→ The task:
For any picture in the lines below, please leave it out and copy the rest exactly.

→ Supplied material:
■ ■ ■ ■
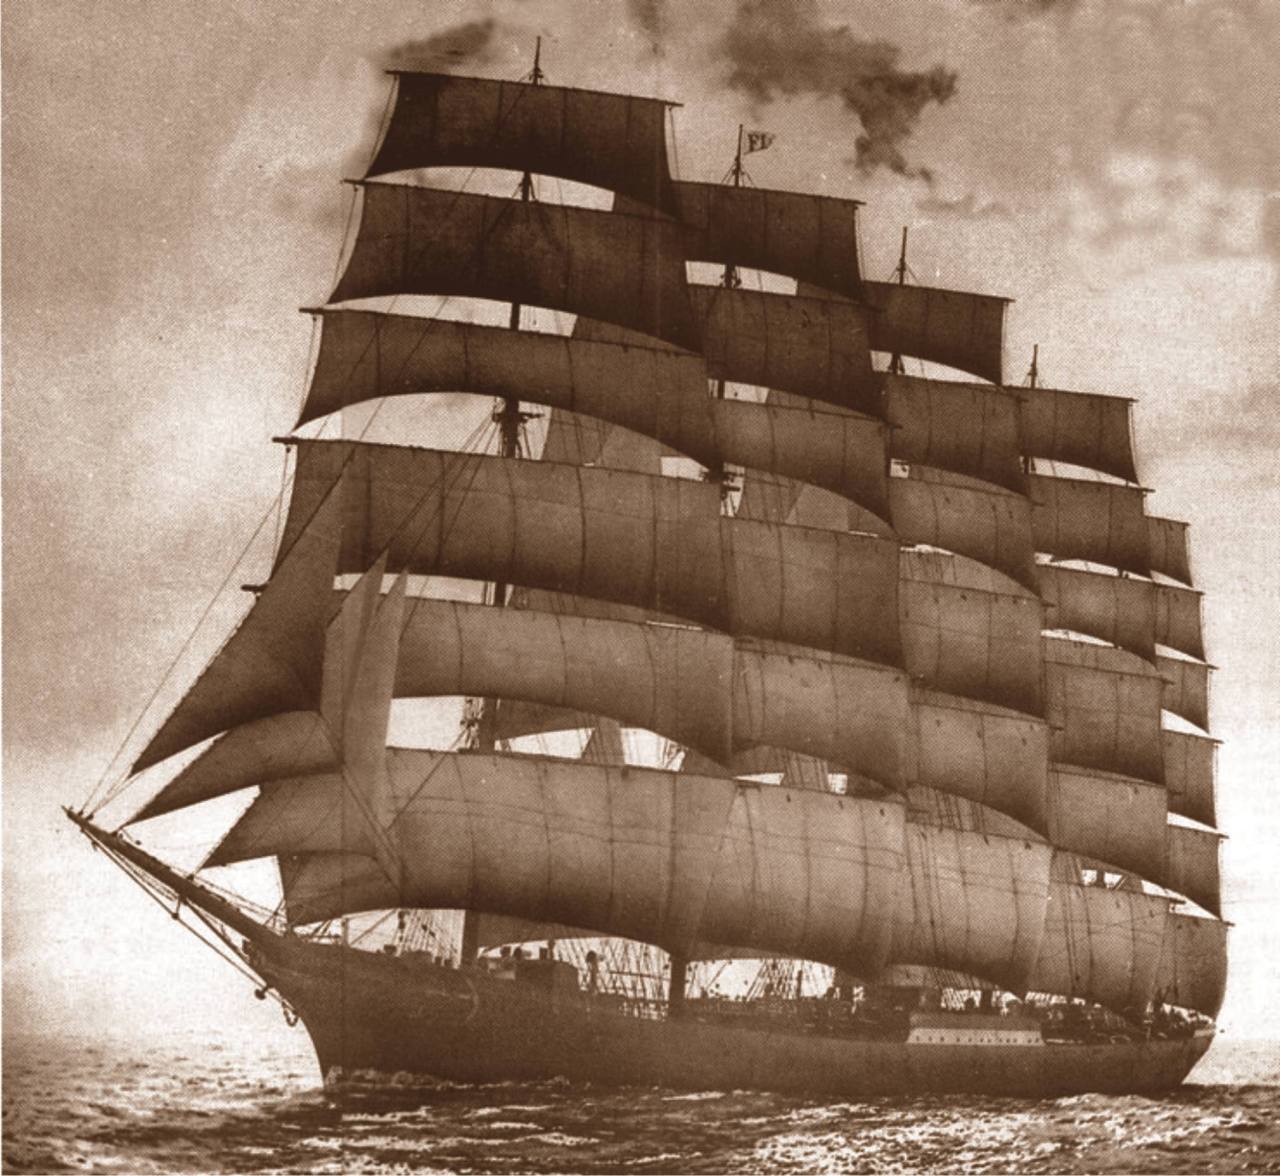 navaphoto:
“Preussen, five mast, and very fast fragata of XIX century. 16 knots
”
■ ■ ■ ■
→ Response to the task:
 navaphoto:
“Preussen, five mast, and very fast fragata of XIX century. 16 knots
”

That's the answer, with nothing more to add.